# Ford 640 lube



## 40Windsor (Sep 18, 2019)

I asker this question in my "projects" post, but I feel that may end up lost in future posts I make there. So, I figured a lube question will go in the lube section. 
Tractor- 1955 Ford 640. 4speed, pto, front end loader. 
Usage- Very little use below freezing. Mostly going to be used to clear sagebrush and make/maintain driveway. Some surfacing with the FEL. 
Now the questions. 
Manual says use SAE20 in the engine. 
Does anyone have a suggestion for a good inexpensive oil? Should I stick with a single weight or go with a multi? Prefer something available at Walmart or NAPA due to accessability. 

Manual says use M2C41 for hydraulic and SAE80 for diff and trans. 
With some reading about cross contamination, using one type of fluid makes sense if possible. 
Would UTF be a good all around fluid for all 3? 

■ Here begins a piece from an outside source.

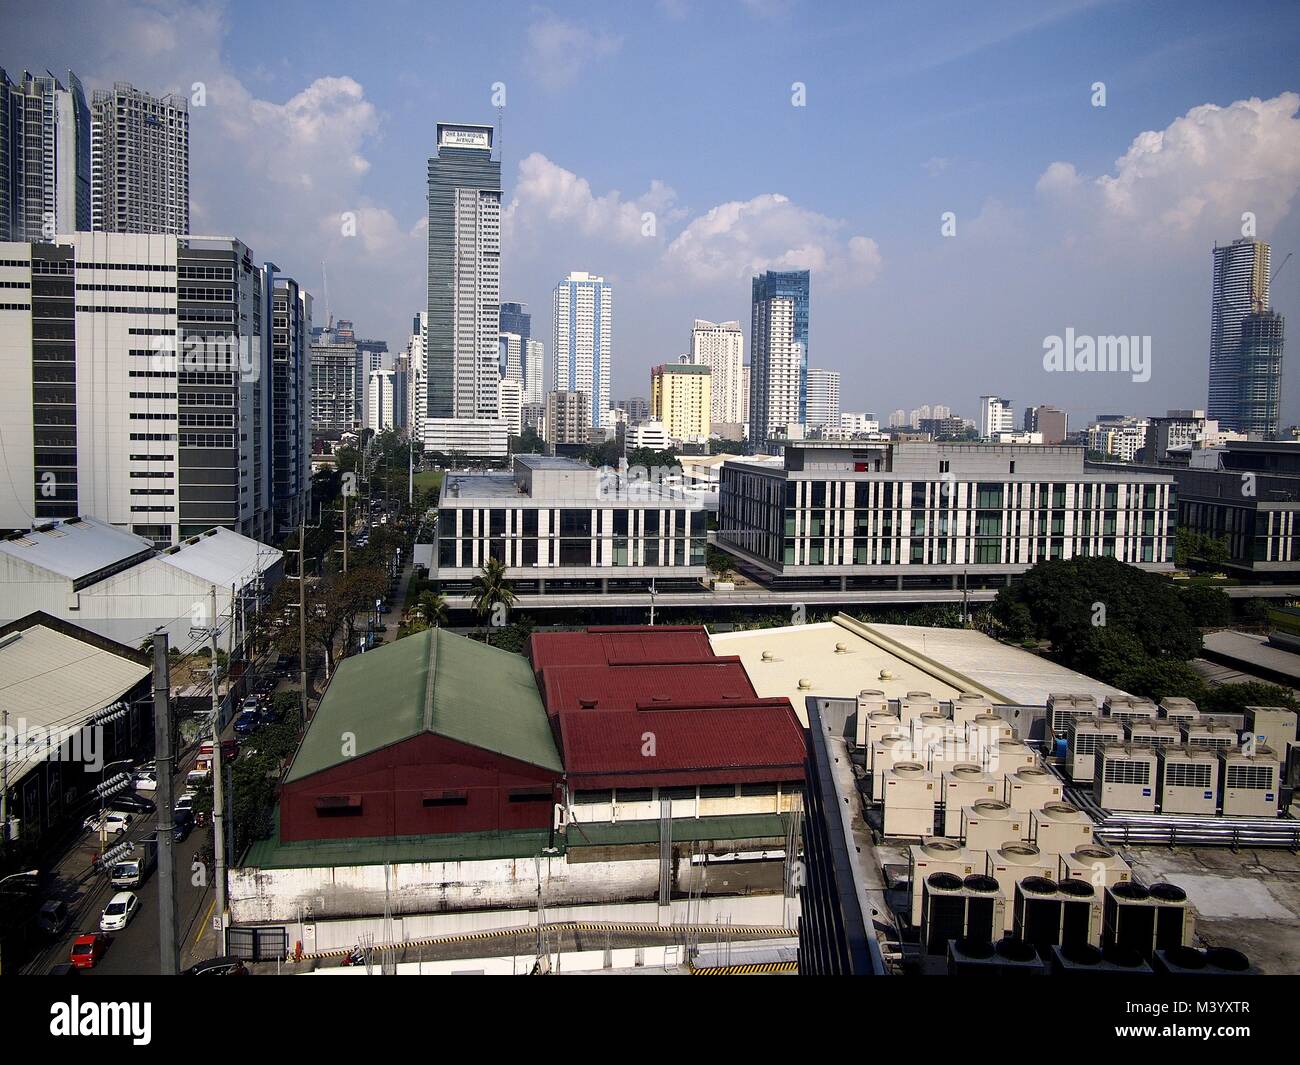 MANDALUYONG City, Filippine - Febbraio 1, 2018: Edifici e grattacieli nel quartiere centrale degli affari di Mandaluyong City, Filippine. Foto Stock

Cant find specs for the FEL. So, capacity is unknown to me and I will assume hydraulic oil. Would UTF be acceptable in that application? 

Now, on the UTF if acceptable for any/all fluids (except engine), any recommendations?
I know Walmart sells SuperTech in 5gal and 2.5gal. I am sure Coastal has atleast one type. I think there is a TS a couple towns up (maybe one opening soon closer).


----------



## 40Windsor (Sep 18, 2019)

Engine oil was black with a little bit of buildup on the pickup filter screen. 
Transmission, well, that was milkshake. 








Hydraulic was milkshake and diff was dark with a hint of milkshake. 








Letting it drip drain overnight. I am trying UTF in trans/hyd/diff. I will run it for a while then change it again to work on getting contamination out.
Engine got a Motorcraft FL1A filter and Mobile 1 HD Diesel 15w40 oil. 

Radiator was a bit low, so I topped it off. Will come off this winter to get flushed and checked. But, it looks good. Will get new coolant. 
Gas tank looks pretty good with some debris at the bottom, but shiny metal inside. I will take it off and get it coated this winter.


----------